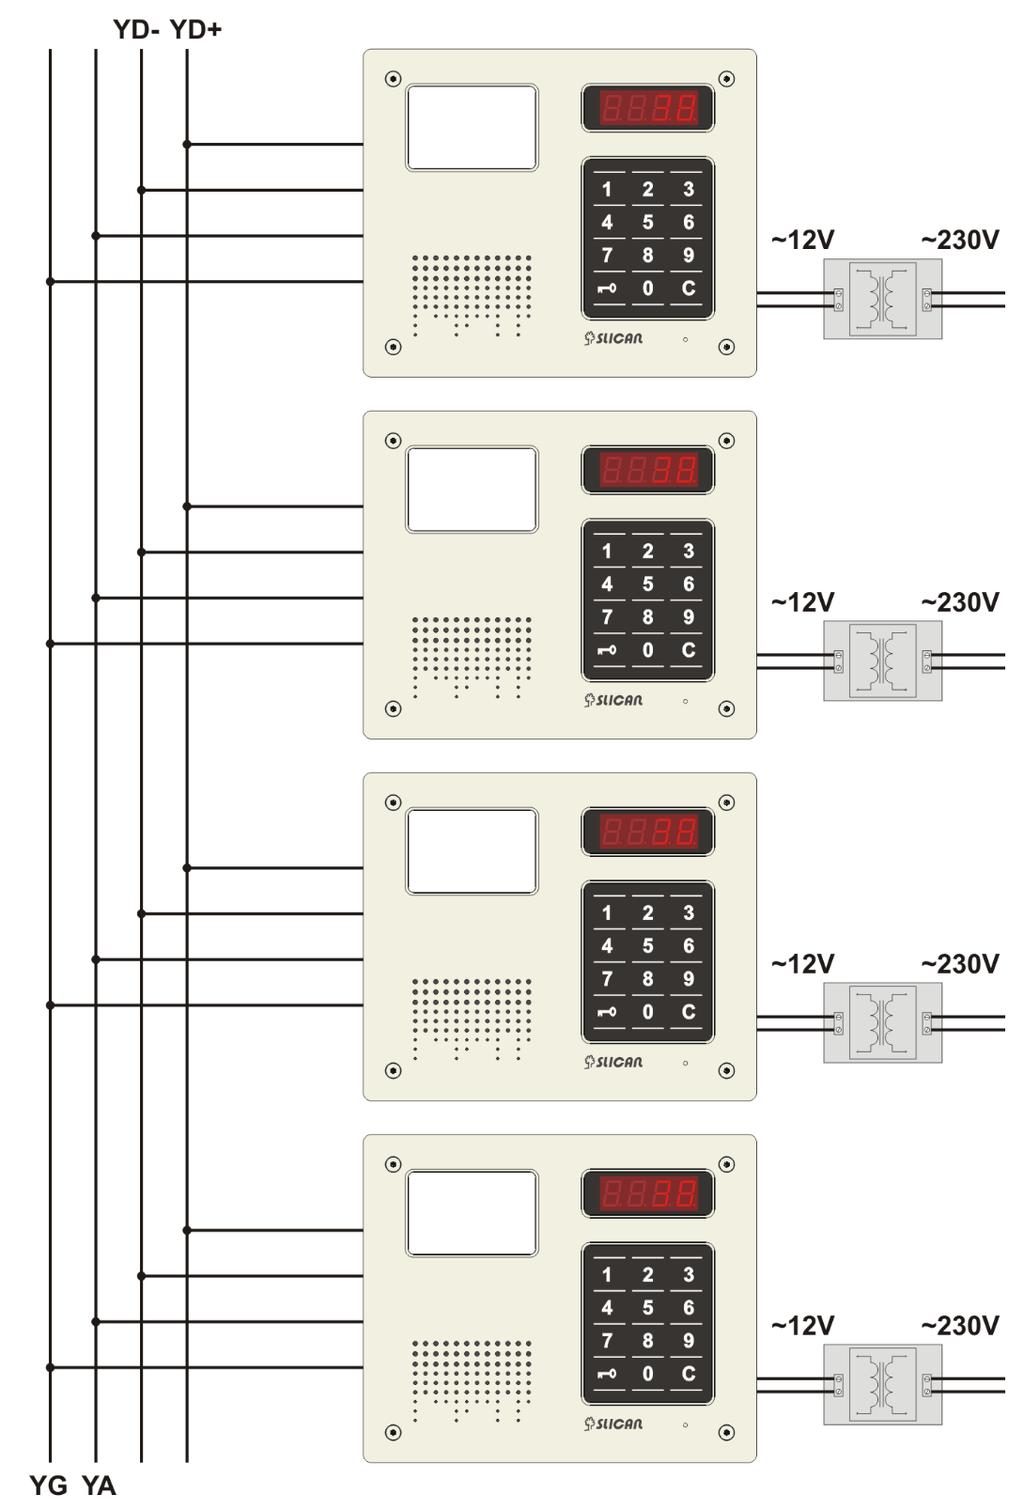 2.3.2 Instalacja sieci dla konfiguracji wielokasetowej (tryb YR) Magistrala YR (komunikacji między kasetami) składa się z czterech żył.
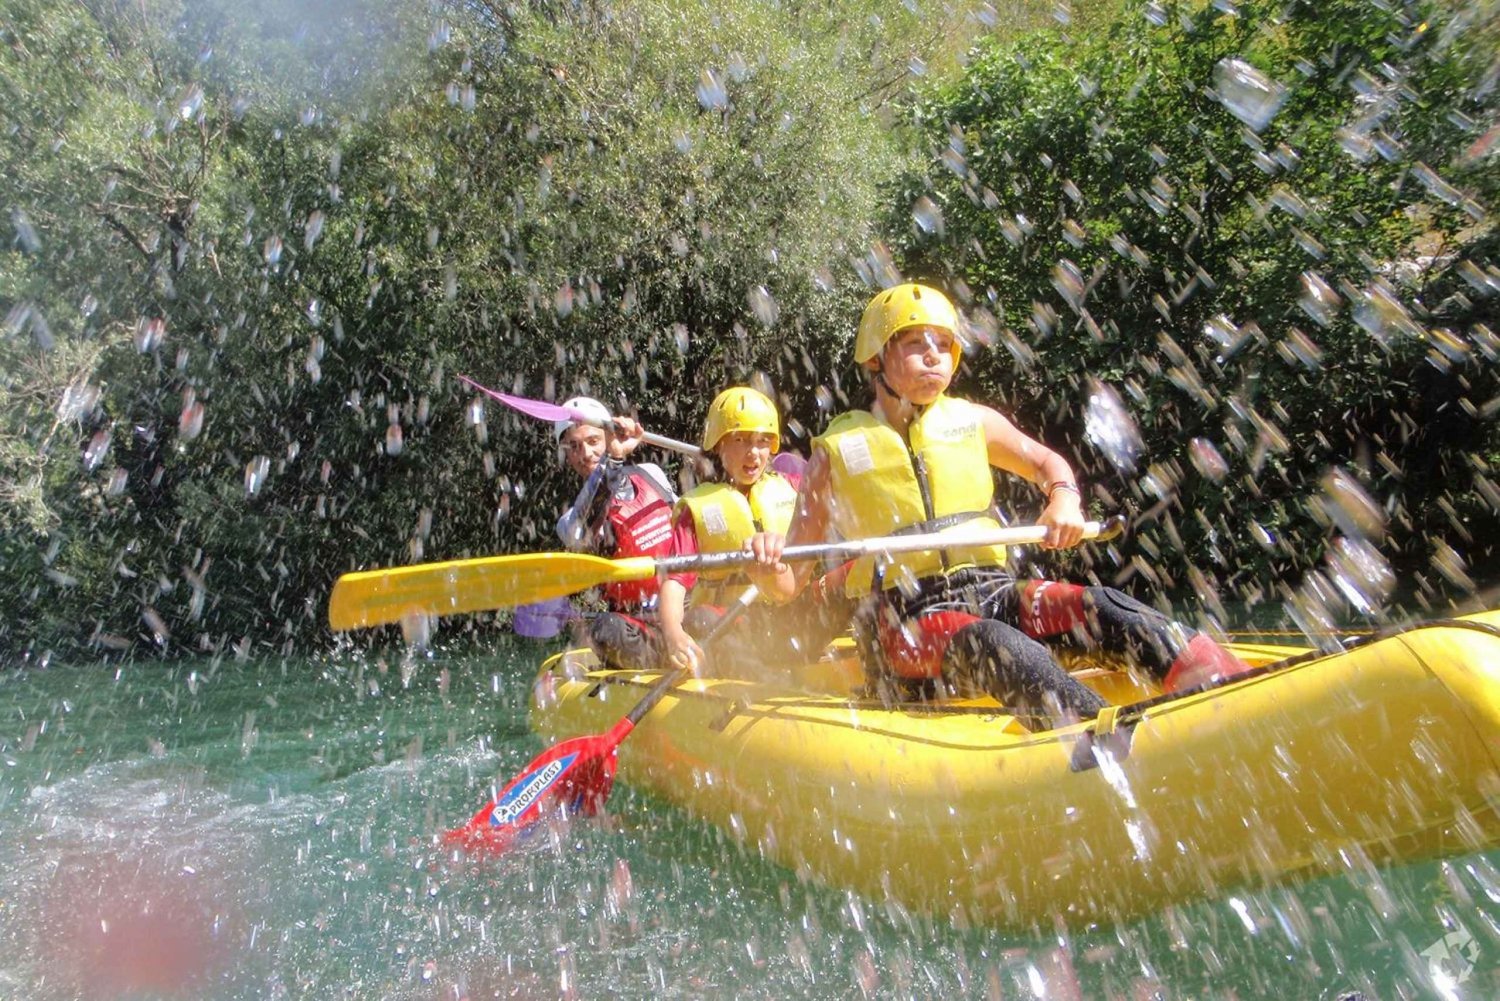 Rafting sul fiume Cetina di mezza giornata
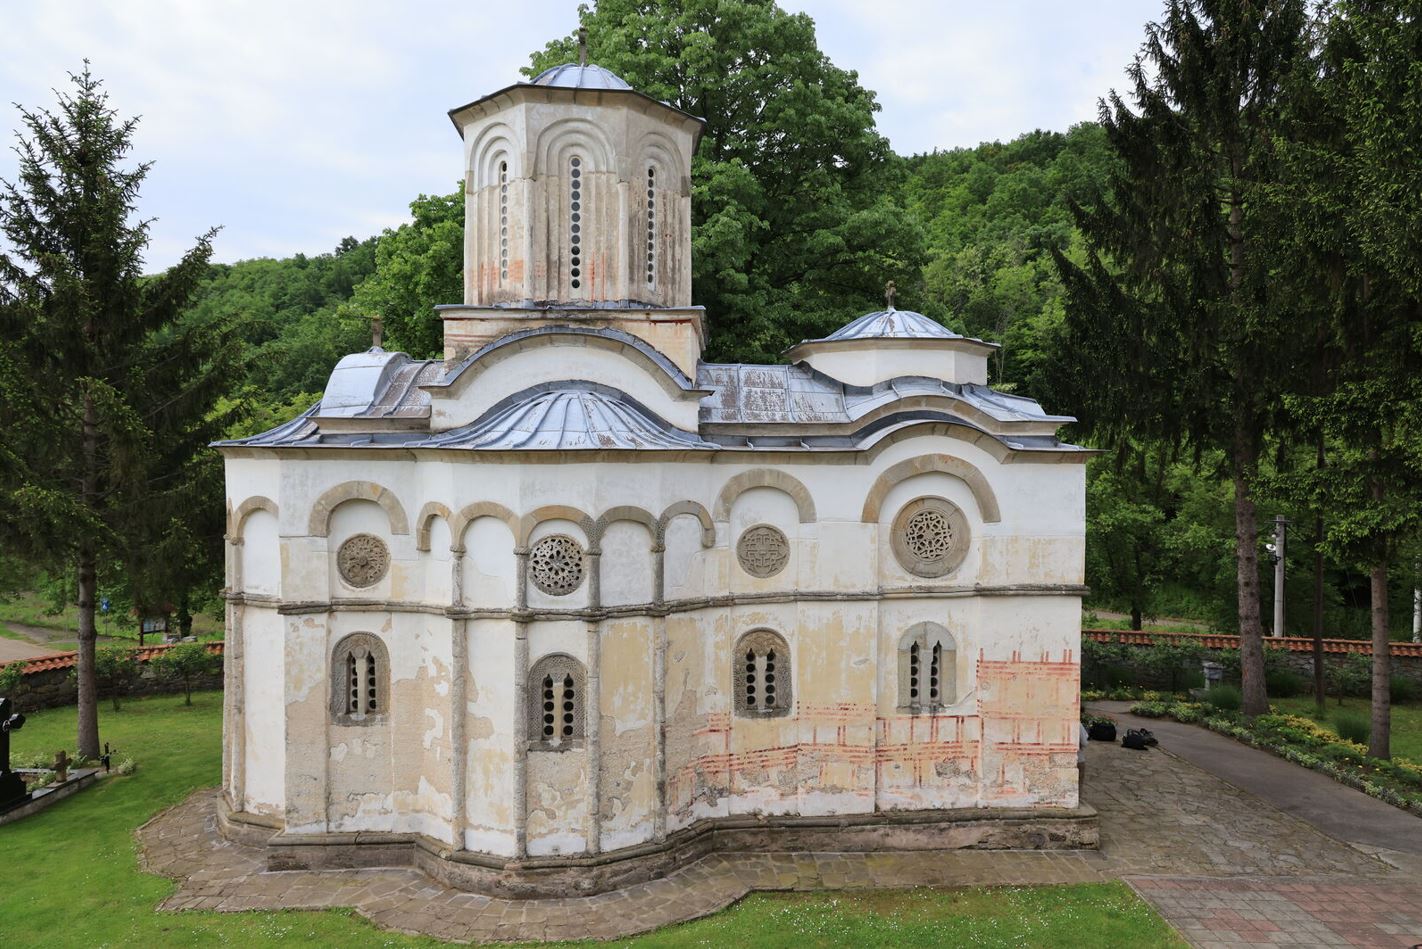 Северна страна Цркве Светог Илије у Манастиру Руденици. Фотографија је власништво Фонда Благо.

What you have to do: Write the data above out again exactly, every line of it, and exclude the pictures.

Result below:
 2.3.2 Instalacja sieci dla konfiguracji wielokasetowej (tryb YR) Magistrala YR (komunikacji między kasetami) składa się z czterech żył.
 Rafting sul fiume Cetina di mezza giornata
 Северна страна Цркве Светог Илије у Манастиру Руденици. Фотографија је власништво Фонда Благо.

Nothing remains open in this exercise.